Line by line, give the data again exactly as it appears, but without pictures.

**Stored data entries**
■ ■ ■
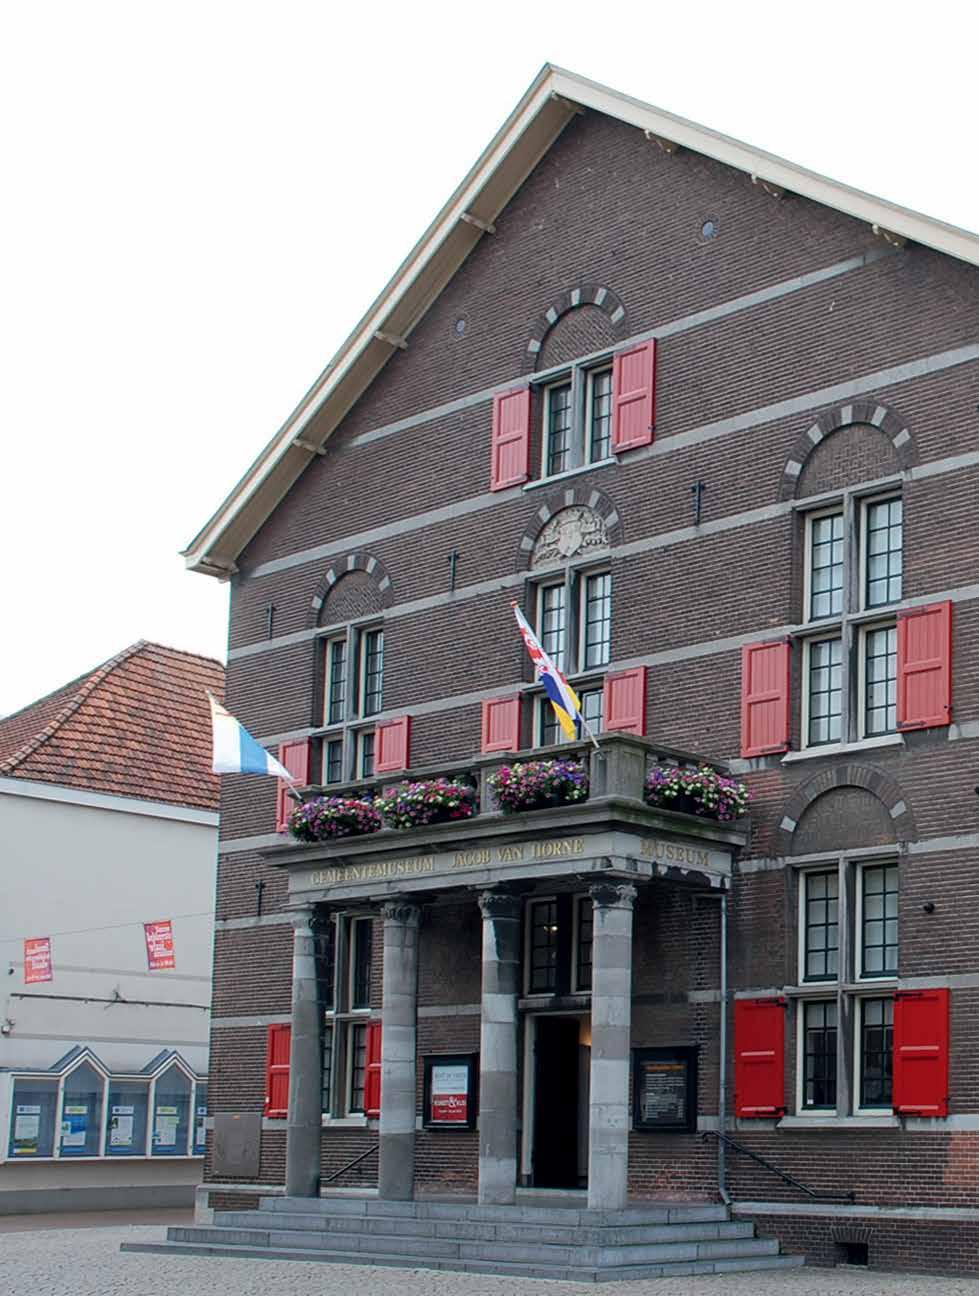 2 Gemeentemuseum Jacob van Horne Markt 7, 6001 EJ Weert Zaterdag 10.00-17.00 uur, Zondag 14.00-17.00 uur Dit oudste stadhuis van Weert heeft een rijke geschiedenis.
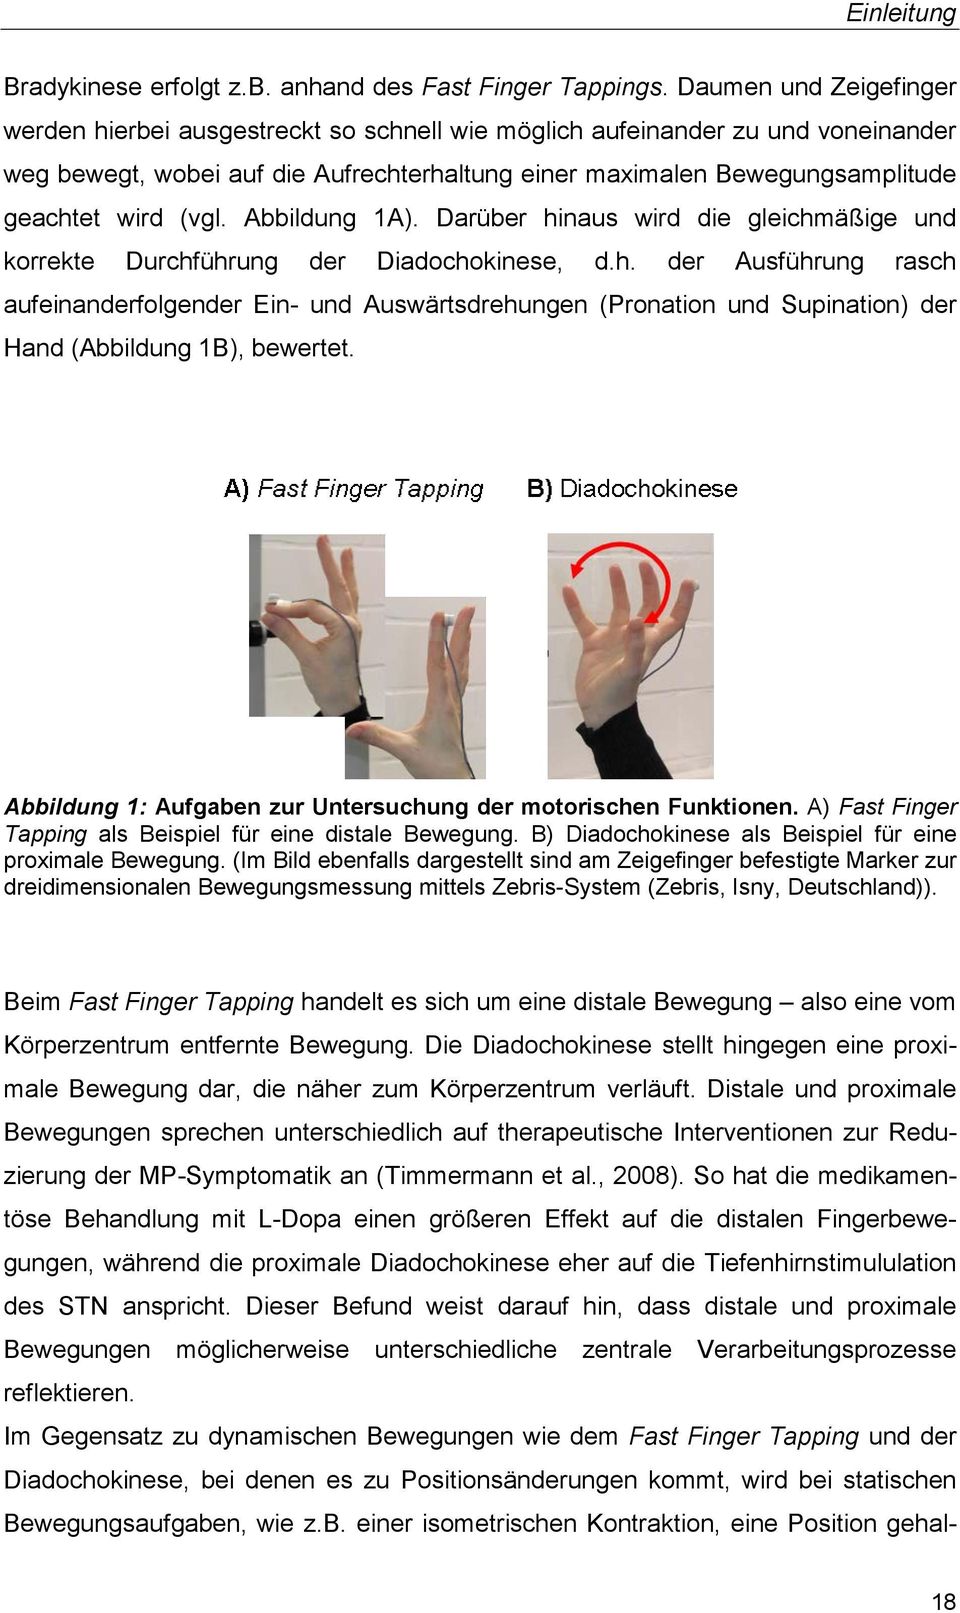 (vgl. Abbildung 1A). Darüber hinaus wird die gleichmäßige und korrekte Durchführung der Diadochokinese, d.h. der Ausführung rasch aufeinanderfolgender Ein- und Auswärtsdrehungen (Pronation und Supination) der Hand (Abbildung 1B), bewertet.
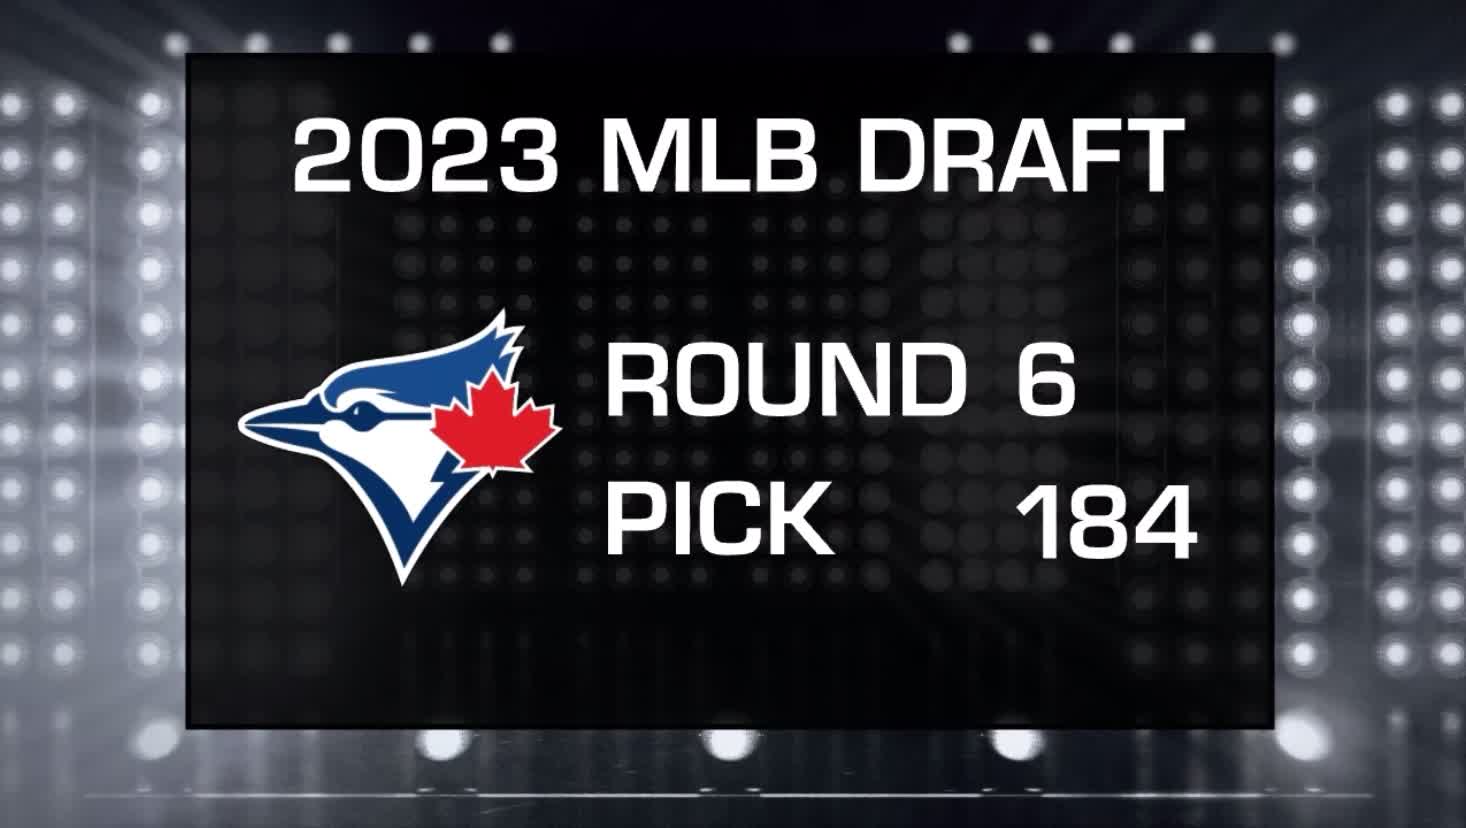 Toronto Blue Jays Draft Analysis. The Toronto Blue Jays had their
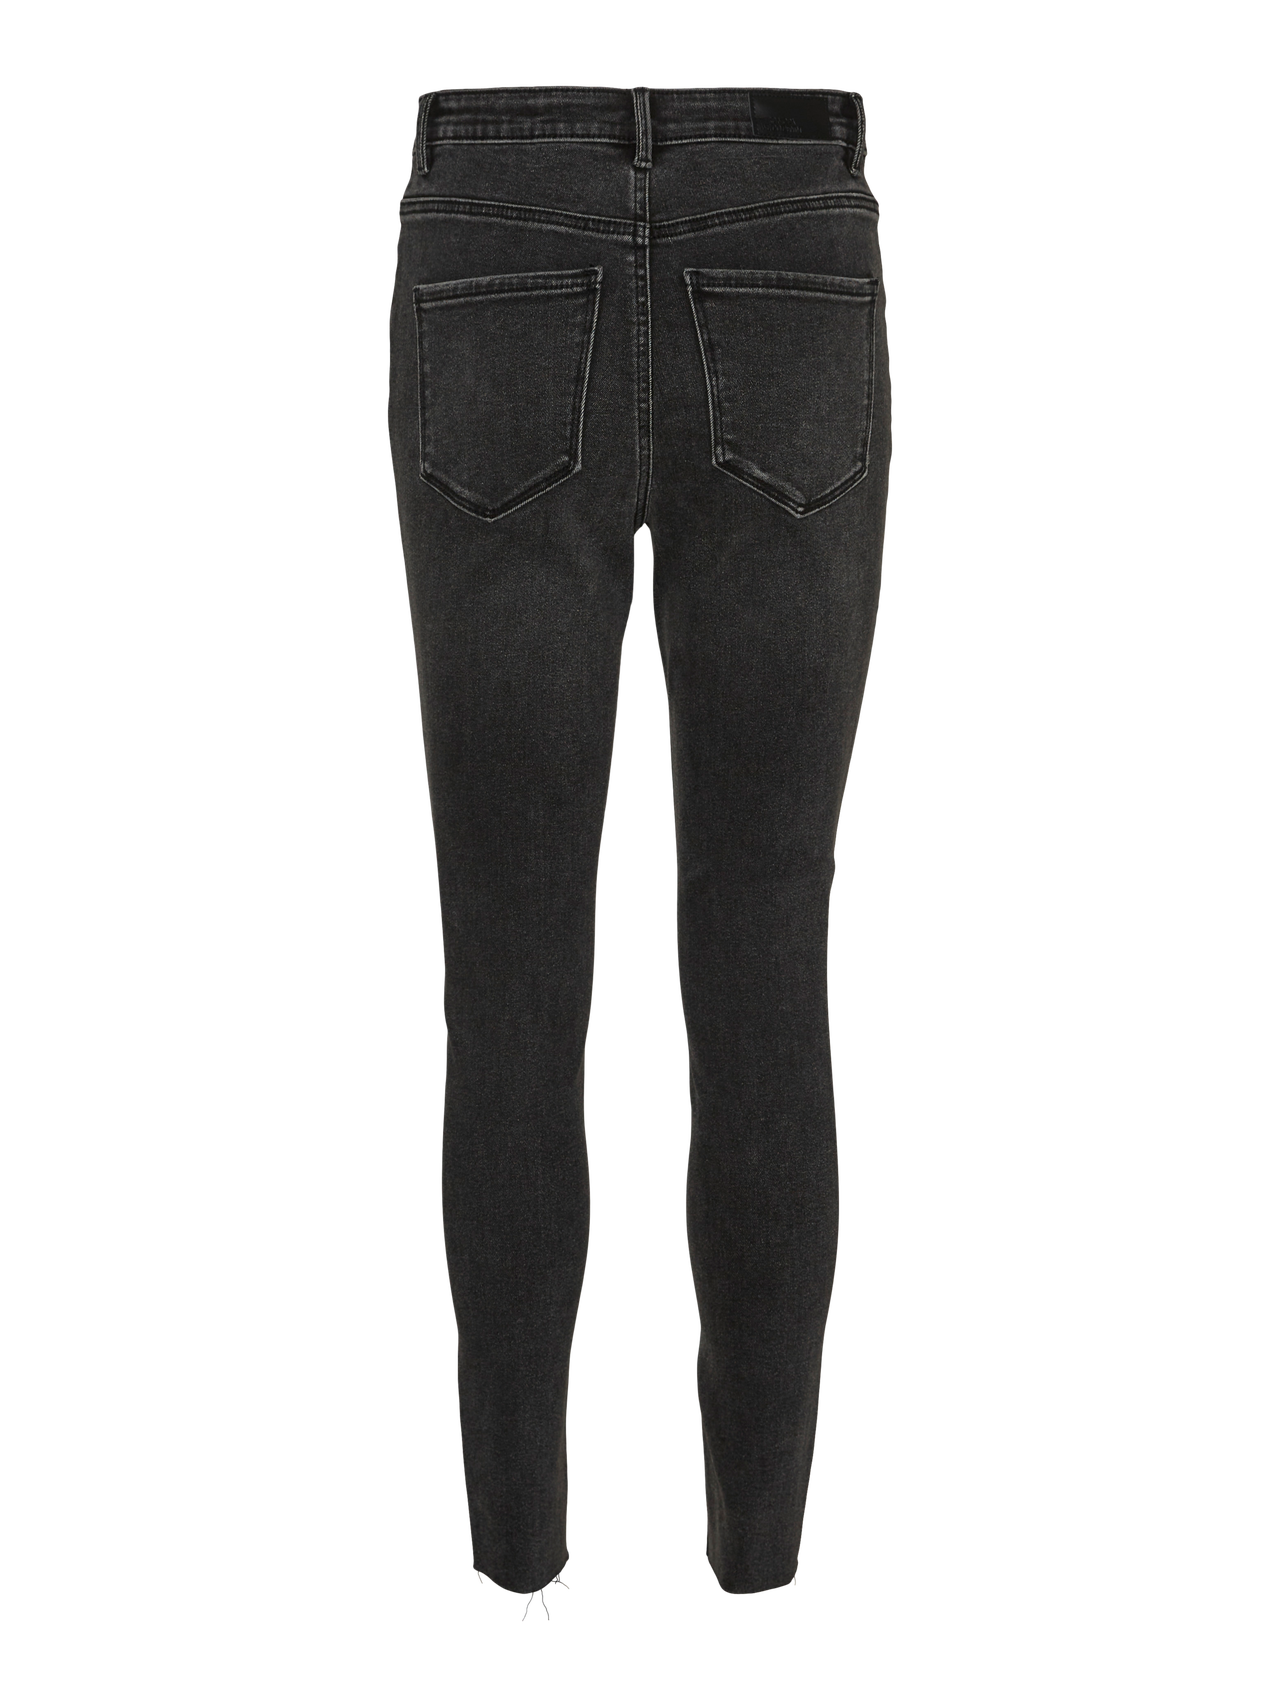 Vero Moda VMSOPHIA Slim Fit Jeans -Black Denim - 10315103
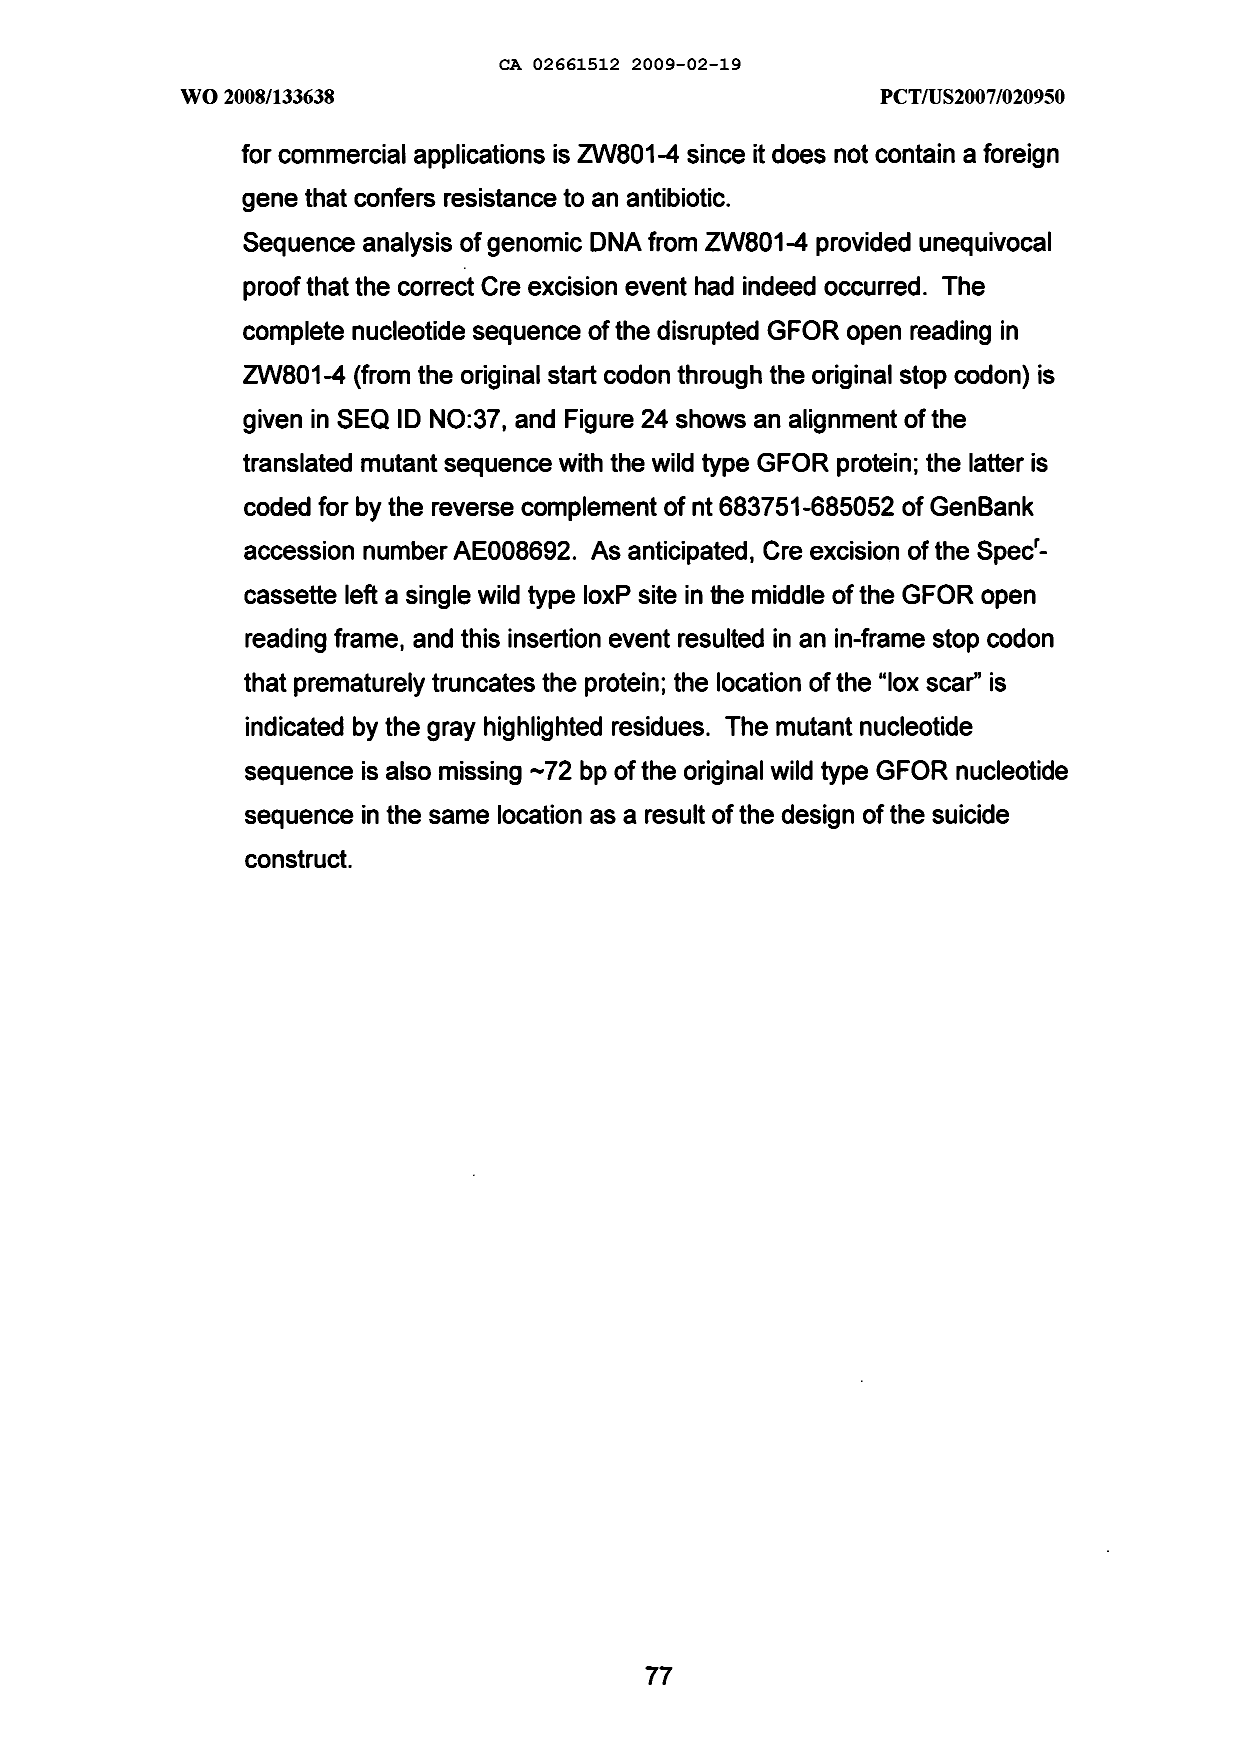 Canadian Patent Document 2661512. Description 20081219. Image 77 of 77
■ ■ ■
**TASK ANSWER**
 2 Gemeentemuseum Jacob van Horne Markt 7, 6001 EJ Weert Zaterdag 10.00-17.00 uur, Zondag 14.00-17.00 uur Dit oudste stadhuis van Weert heeft een rijke geschiedenis.
 (vgl. Abbildung 1A). Darüber hinaus wird die gleichmäßige und korrekte Durchführung der Diadochokinese, d.h. der Ausführung rasch aufeinanderfolgender Ein- und Auswärtsdrehungen (Pronation und Supination) der Hand (Abbildung 1B), bewertet.
 Toronto Blue Jays Draft Analysis. The Toronto Blue Jays had their
 Vero Moda VMSOPHIA Slim Fit Jeans -Black Denim - 10315103
 Canadian Patent Document 2661512. Description 20081219. Image 77 of 77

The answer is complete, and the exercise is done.